At this juncture, it makes sense to attempt an understanding as to why the WTO believes so strongly in perpetuating free trade. Paraphrasing the WTO homepage, “The case for open trade lies in the theory of comparative advantage, which is arguably the single most powerful insight into economics”. The WTO is based completely upon the law of comparative advantage and superiority of market-based solutions. Simply put, the principle of “comparative advantage” says that countries prosper first by taking advantage of their assets in order to concentrate on what they can produce best, and then by trading these products for products that other countries produce best.

However, possessing a comparative advantage in just any good is insufficient to increase market penetration and income earned from trade. Developing countries which have a comparative advantage in say, agricultural goods will face declining terms of trade between agricultural and manufacturing goods, which they will be required to import. This implies that nations specializing in less favourable goods will fall further behind developed nations. Comparative advantage cannot assure a level playing field, as long as products are not completely equal to one another.

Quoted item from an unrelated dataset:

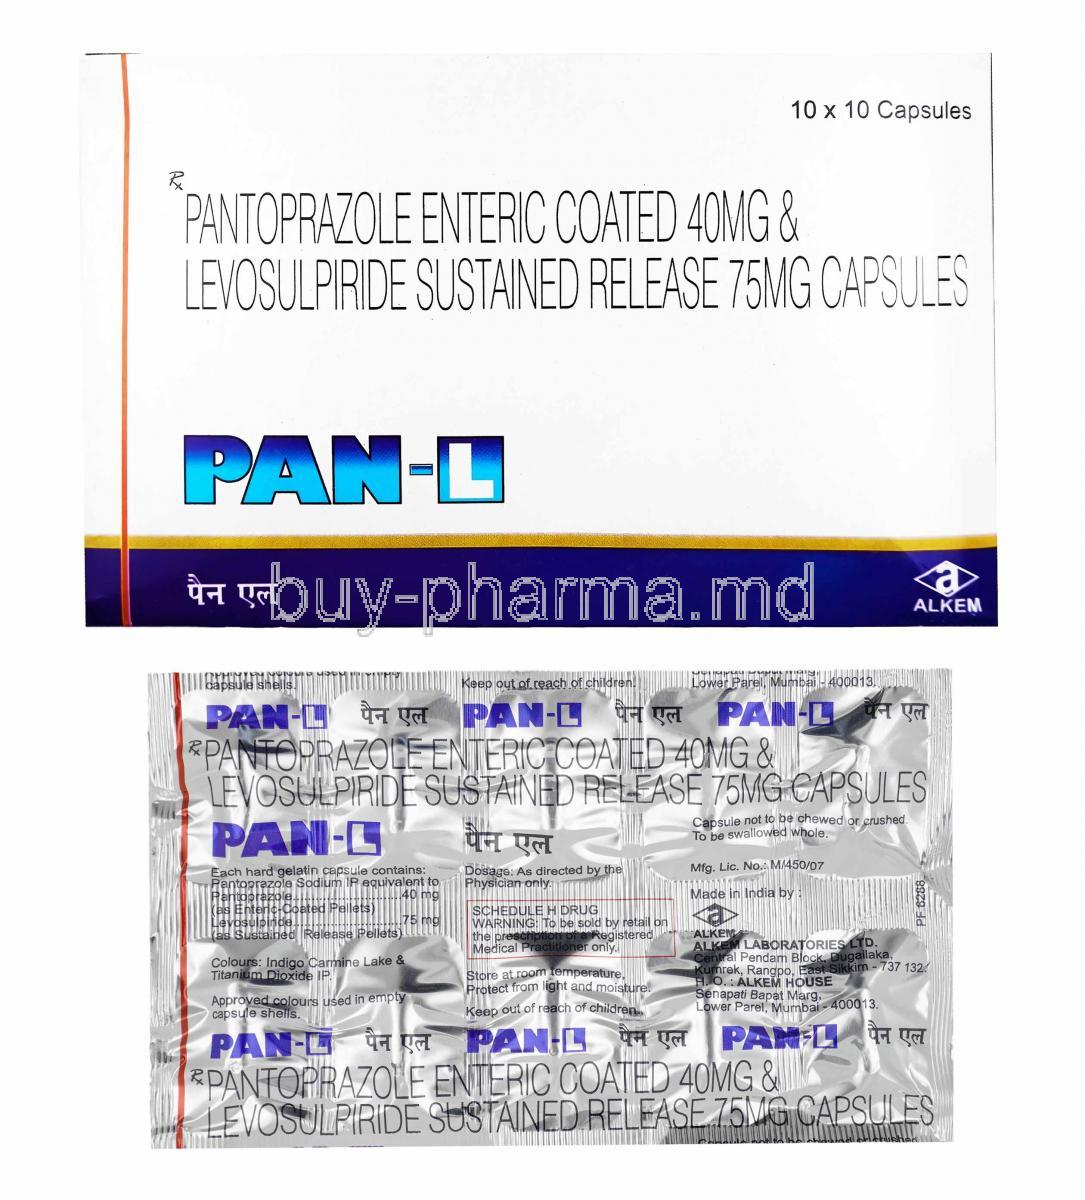 PAN L, Levosulpiride and Pantoprazole tablets and box
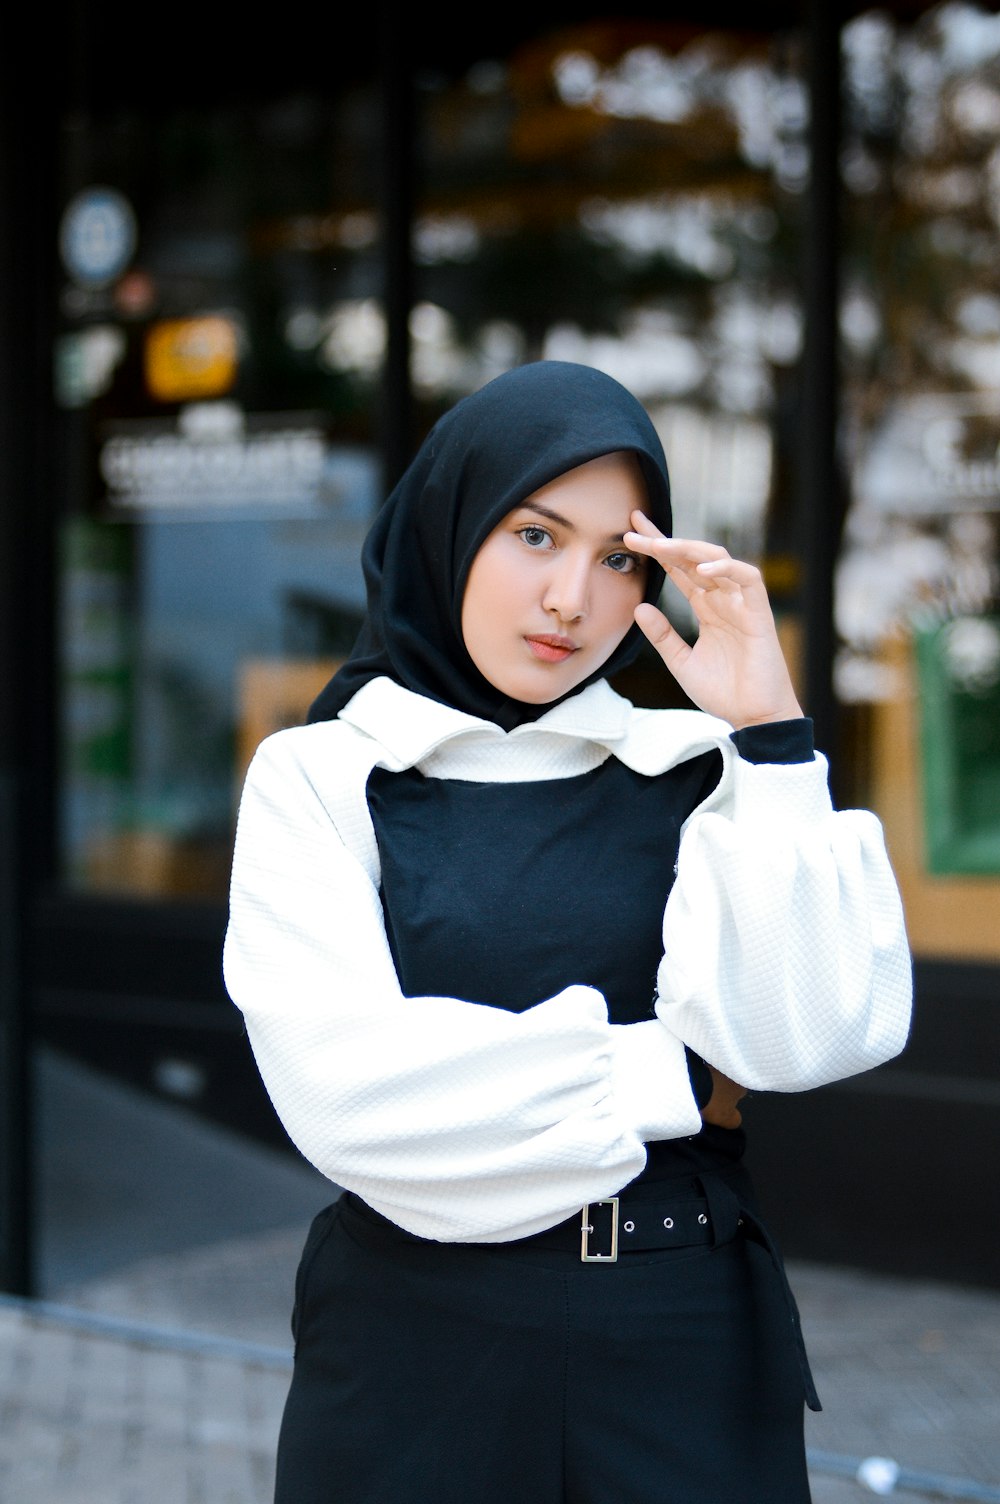 Una donna in un foulard nero

From the point of view of a developing country, the WTO has failed in its outset. While from the perspective of the financially powerful Western countries, it may be defined as successful, this success is not inclusive in nature. It is not unfair to conclude that, unless the WTO makes some radical structural changes, it can never claim to work in the interest of every one of its members. As long as the WTO is dominated by the powerful, its actions will always be constricted to serving the interests of those in power. In order to build up to this, an ideal global trading system must factor the will of the people of the countries constituting the WTO. These countries must have the ability to execute their will through a collective, democratic decision-making processes. Only then will the WTO be able to manufacture a global trading system which works toward the economic and social well-being of all its members.